— Exercise —
Using the material below, print the line that contains "bride smiling at groom", the line that contains "3d render medical", and every line in between, exactly and nothing else.
++++++++++++++++++++
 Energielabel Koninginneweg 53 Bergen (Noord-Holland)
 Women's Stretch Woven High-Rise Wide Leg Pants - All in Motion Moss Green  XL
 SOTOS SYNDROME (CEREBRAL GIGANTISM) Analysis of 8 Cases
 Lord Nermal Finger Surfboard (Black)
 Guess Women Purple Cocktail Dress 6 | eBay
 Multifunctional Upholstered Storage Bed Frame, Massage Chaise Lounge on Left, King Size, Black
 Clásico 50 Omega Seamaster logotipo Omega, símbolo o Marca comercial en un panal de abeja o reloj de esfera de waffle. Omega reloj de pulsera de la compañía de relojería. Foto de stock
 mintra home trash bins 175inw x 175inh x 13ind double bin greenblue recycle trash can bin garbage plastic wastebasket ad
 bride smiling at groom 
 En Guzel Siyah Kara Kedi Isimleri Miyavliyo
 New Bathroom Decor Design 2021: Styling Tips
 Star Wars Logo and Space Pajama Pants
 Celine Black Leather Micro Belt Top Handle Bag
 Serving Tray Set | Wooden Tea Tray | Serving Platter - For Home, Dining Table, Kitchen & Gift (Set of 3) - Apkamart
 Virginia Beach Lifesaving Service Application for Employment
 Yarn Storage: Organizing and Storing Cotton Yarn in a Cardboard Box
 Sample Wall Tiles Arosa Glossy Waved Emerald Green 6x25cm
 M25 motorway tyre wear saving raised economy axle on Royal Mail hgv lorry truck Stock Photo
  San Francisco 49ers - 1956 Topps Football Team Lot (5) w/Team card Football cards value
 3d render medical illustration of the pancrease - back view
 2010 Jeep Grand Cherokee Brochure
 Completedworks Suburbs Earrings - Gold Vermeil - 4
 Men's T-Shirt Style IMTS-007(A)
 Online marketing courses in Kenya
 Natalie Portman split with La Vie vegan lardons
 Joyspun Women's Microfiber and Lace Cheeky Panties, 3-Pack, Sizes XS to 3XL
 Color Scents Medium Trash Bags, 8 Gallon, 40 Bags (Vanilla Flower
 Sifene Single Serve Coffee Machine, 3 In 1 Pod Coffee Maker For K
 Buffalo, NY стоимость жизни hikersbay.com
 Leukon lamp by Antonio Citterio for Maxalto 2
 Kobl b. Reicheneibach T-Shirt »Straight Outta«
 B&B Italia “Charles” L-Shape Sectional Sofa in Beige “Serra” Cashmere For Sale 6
++++++++++++++++++++
— Exercise response —
 bride smiling at groom 
 En Guzel Siyah Kara Kedi Isimleri Miyavliyo
 New Bathroom Decor Design 2021: Styling Tips
 Star Wars Logo and Space Pajama Pants
 Celine Black Leather Micro Belt Top Handle Bag
 Serving Tray Set | Wooden Tea Tray | Serving Platter - For Home, Dining Table, Kitchen & Gift (Set of 3) - Apkamart
 Virginia Beach Lifesaving Service Application for Employment
 Yarn Storage: Organizing and Storing Cotton Yarn in a Cardboard Box
 Sample Wall Tiles Arosa Glossy Waved Emerald Green 6x25cm
 M25 motorway tyre wear saving raised economy axle on Royal Mail hgv lorry truck Stock Photo
  San Francisco 49ers - 1956 Topps Football Team Lot (5) w/Team card Football cards value
 3d render medical illustration of the pancrease - back view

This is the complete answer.